Indian American led company strikes deal for lung clot treatment devices

Ritu Jha-

US-based Innova Vascular, a medical device company, has reached an agreement that it will sell its line of thrombectomy devices post FDA approval to Cardiovascular Systems, Inc.(CSI) for commercialization.

Sanjay Shrivastava, Ph.D., founder and CEO of Innova Vascular based in Irvine, California, who announced the deal Feb. 23, said that his company develops medical devices that enable treatments of cardiovascular diseases in a minimally invasive manner without surgery.

According to Shrivastava, “During the last two decades, interventional devices have brought a paradigm shift in how patients with cardiovascular diseases are treated.  The interventional devices enable doctors to access any part of the body, where the blood flows, using a needle at the groin and using that to thread long catheters to the problem site under image guidance and inserting various tools to treat the underlying disease through them thereby eliminating a need for major open surgery.”

“The easiest way to understand our industry is to think of it as a body plumbing business.  Just like pipes in our homes can get clogged, rupture or burst, arteries and veins in the body have similar issues. Just like tools required for plumbing, we develop tools to fix body plumbing problems.” Shrivastava added.

Shrivastava said, “In my career, I have been fortunate to have developed tools to solve various “body plumbing” problems.  The product that I’m most proud of is a device called Solitaire FR, the development was led by me more than 10 years ago.  Solitaire FR treats acute ischemic stroke by pulling clot all the way from the brain through a needle insertion at the groin”.  Today this device is sold by Medtronic.  Every 3-4 years, I take a medical problem within the cardiovascular space, develop and commercialize a tool to fix it, and once a tool is developed, has regulatory approvals, and is commercialized, I move on to a different part of body.

At present, his focus is on building a medical device to remove clots from arteries and veins including those from the lungs for a condition called “pulmonary embolism”.  Pulmonary embolism affects more than 400,000 patients in the US each year resulting in more than 100,000 deaths. This results from a blood clot blocking the pulmonary artery.”

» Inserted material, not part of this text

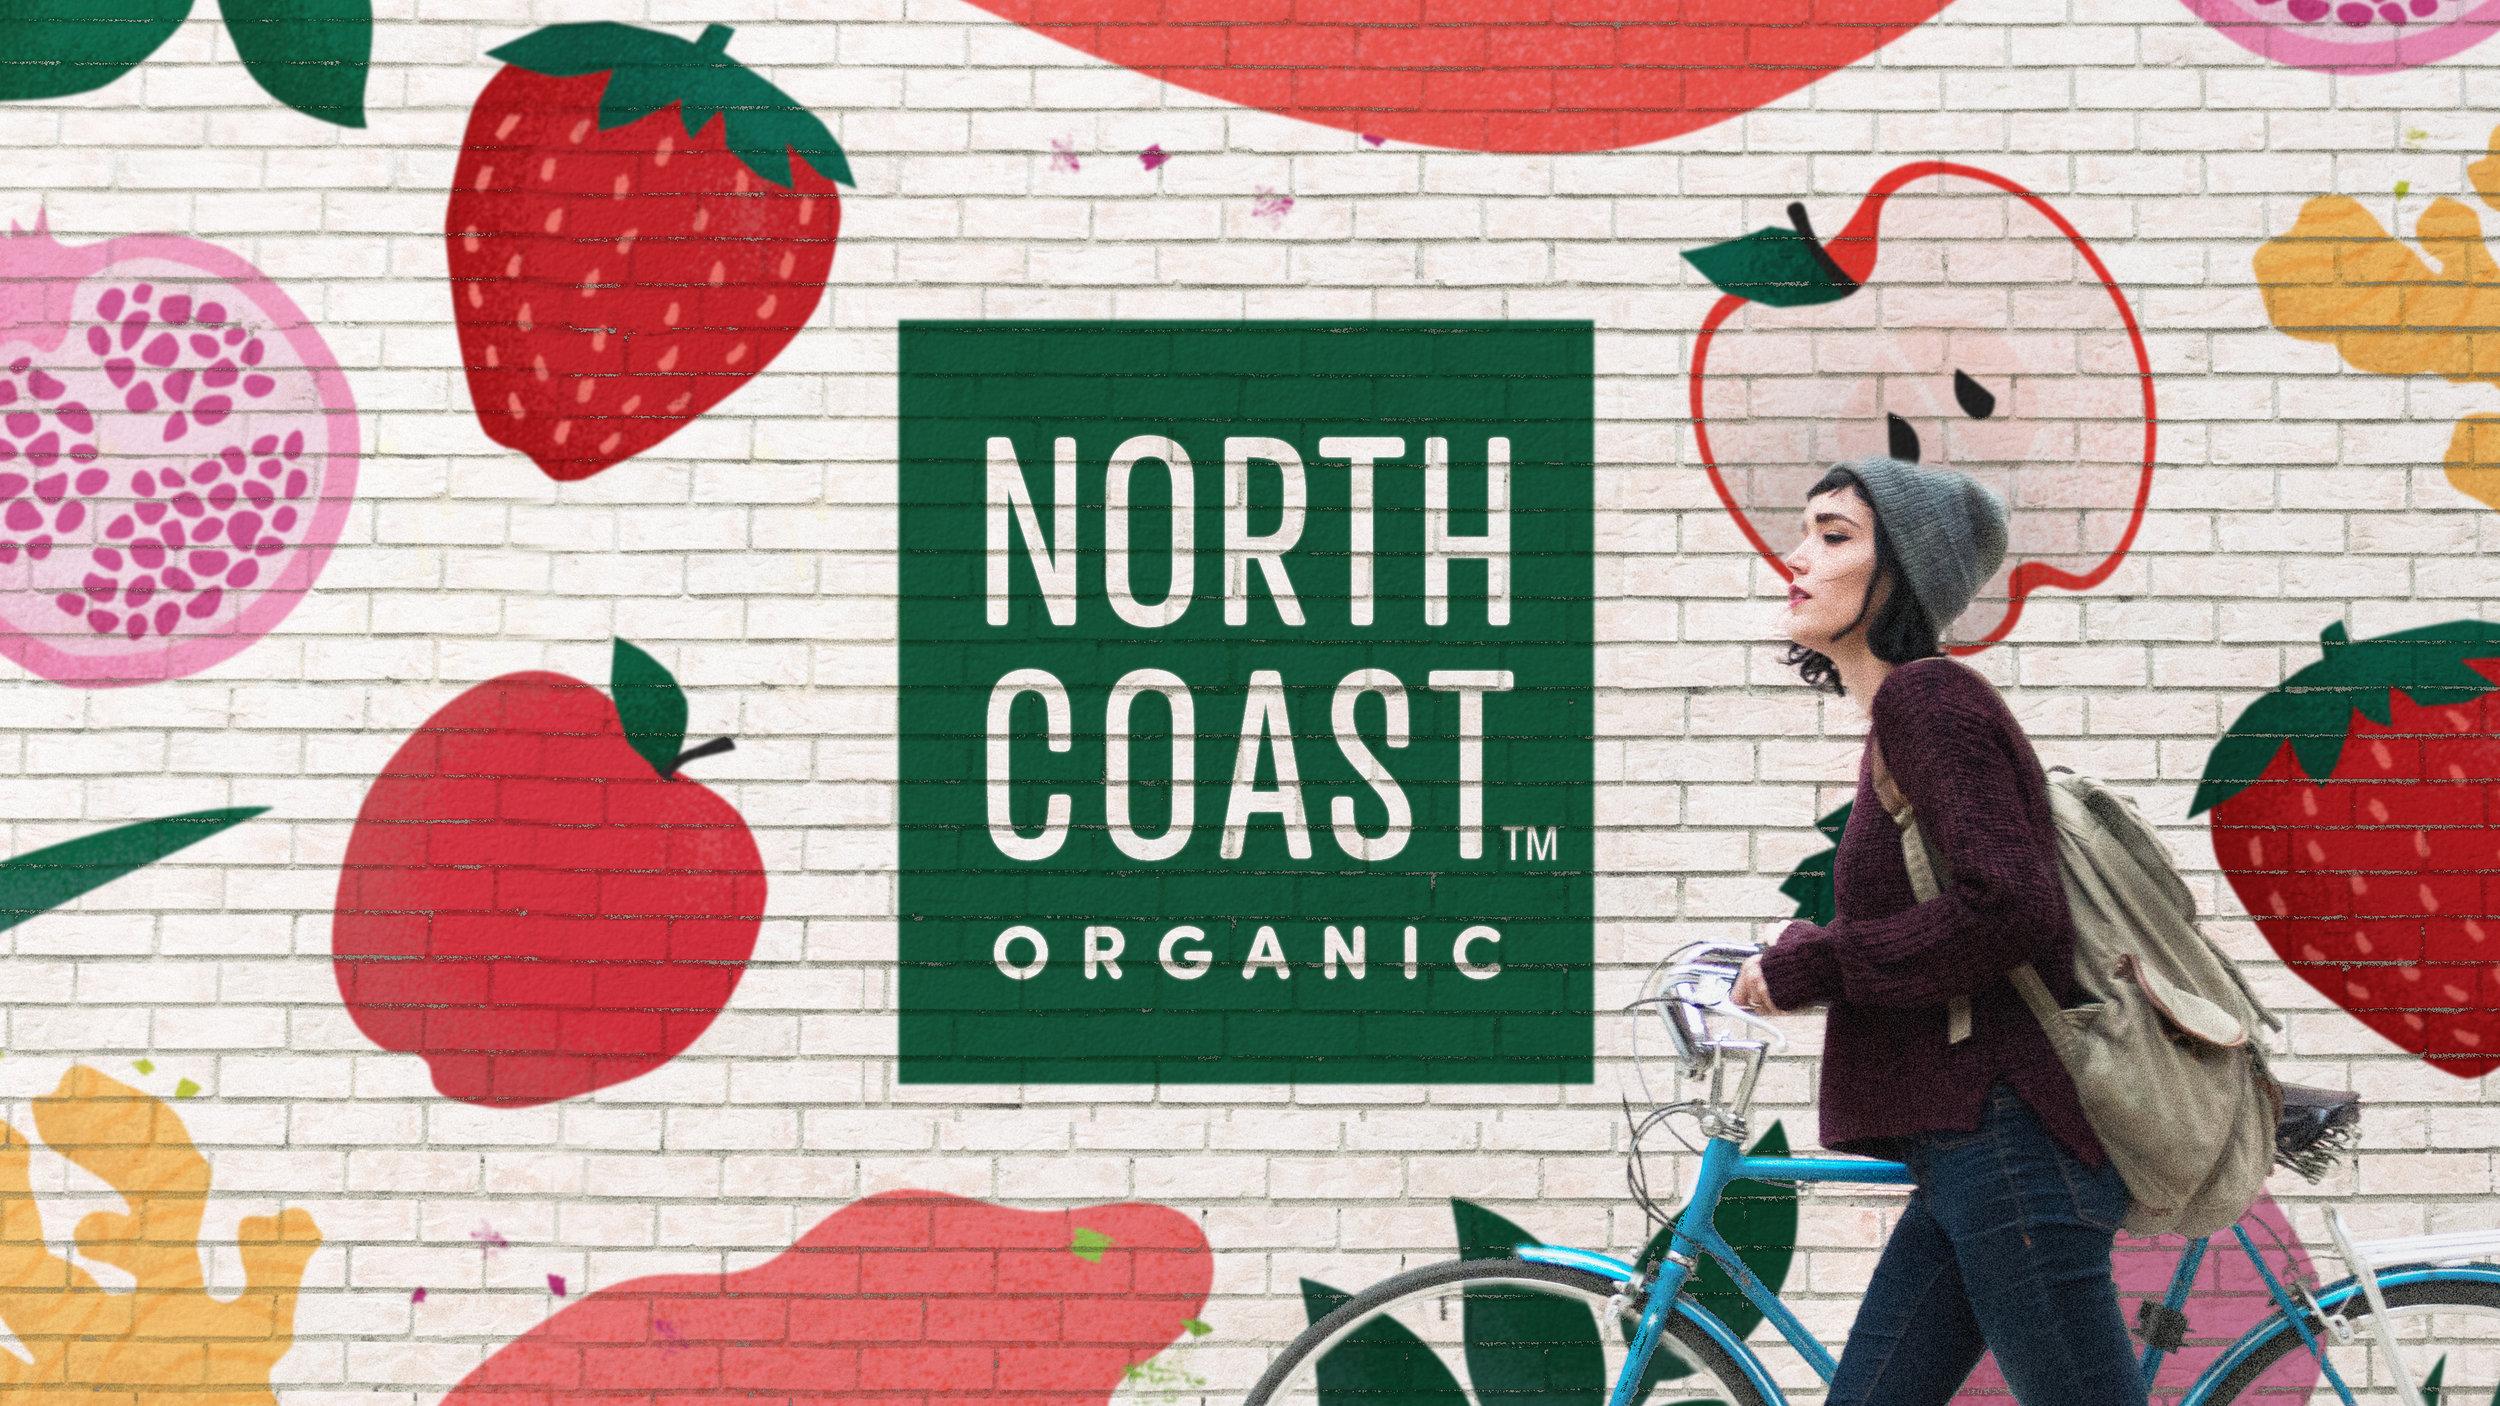 NorthCoast_Web_WallGraphic_v3.jpg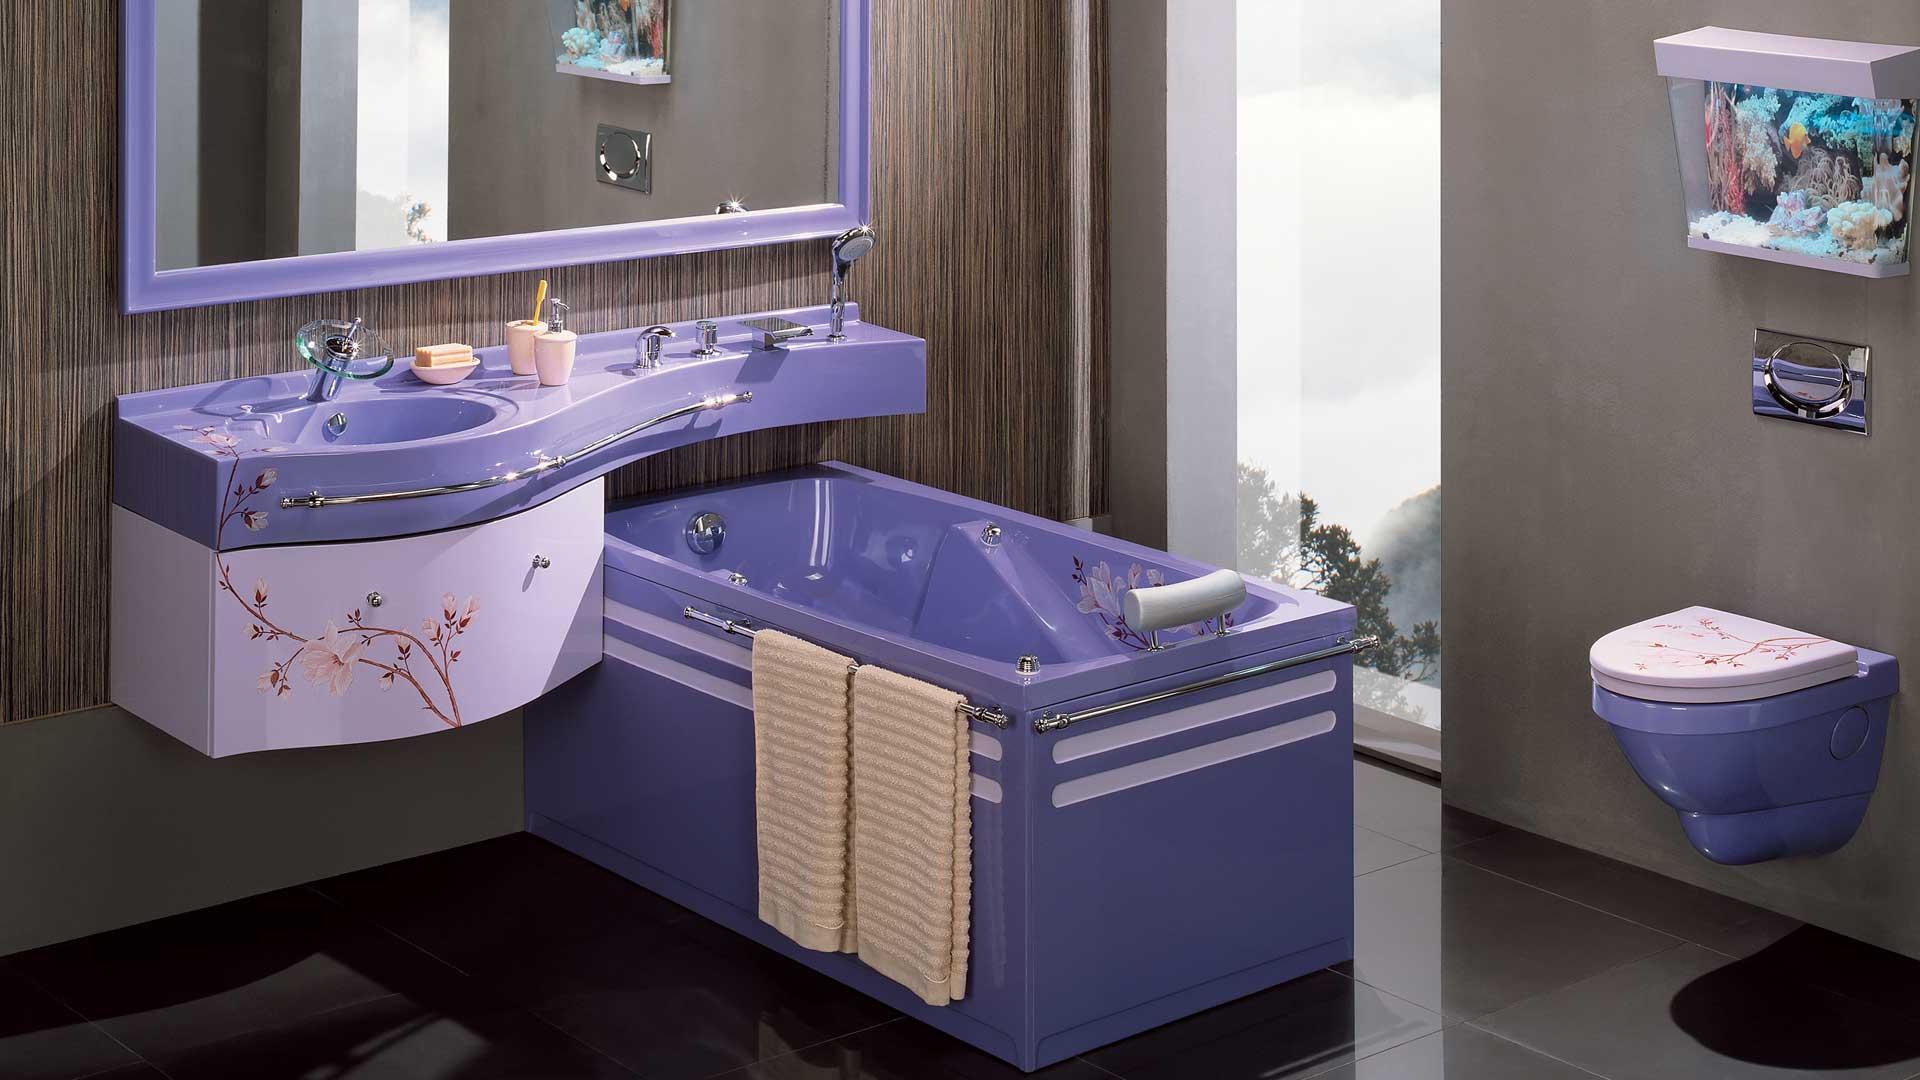 Сантехника фиолетового цвета

“Our device is intended to remove these clots without doing open surgery using a procedure termed as thrombectomy,” he said, explaining the strategy behind the deal with Cardiovascular Systems Inc, which has leadership in products to remove plaque from arteries in legs and the heart. Our products will be complementary to CSI’s current product portfolio. CSI, which has a commercial presence in adjacent therapeutic areas, intends to acquire and commercialize thrombectomy devices from Innova.

Besides being involved in two medical device companies that he founded during the last four years, Shrivastava also serves as an independent director on the board of a publicly-traded medical device company called enVVeno (Nasdaq: NVNO).  Prior to this, he worked at Johnson & Johnson, Medtronic and Abbott in functions including business development, marketing and research and development.

When asked what will be next beyond these thrombectomy products, Shrivastava said, “I am a tool maker. When one problem is solved, I shall move on to making a tool for another problem.”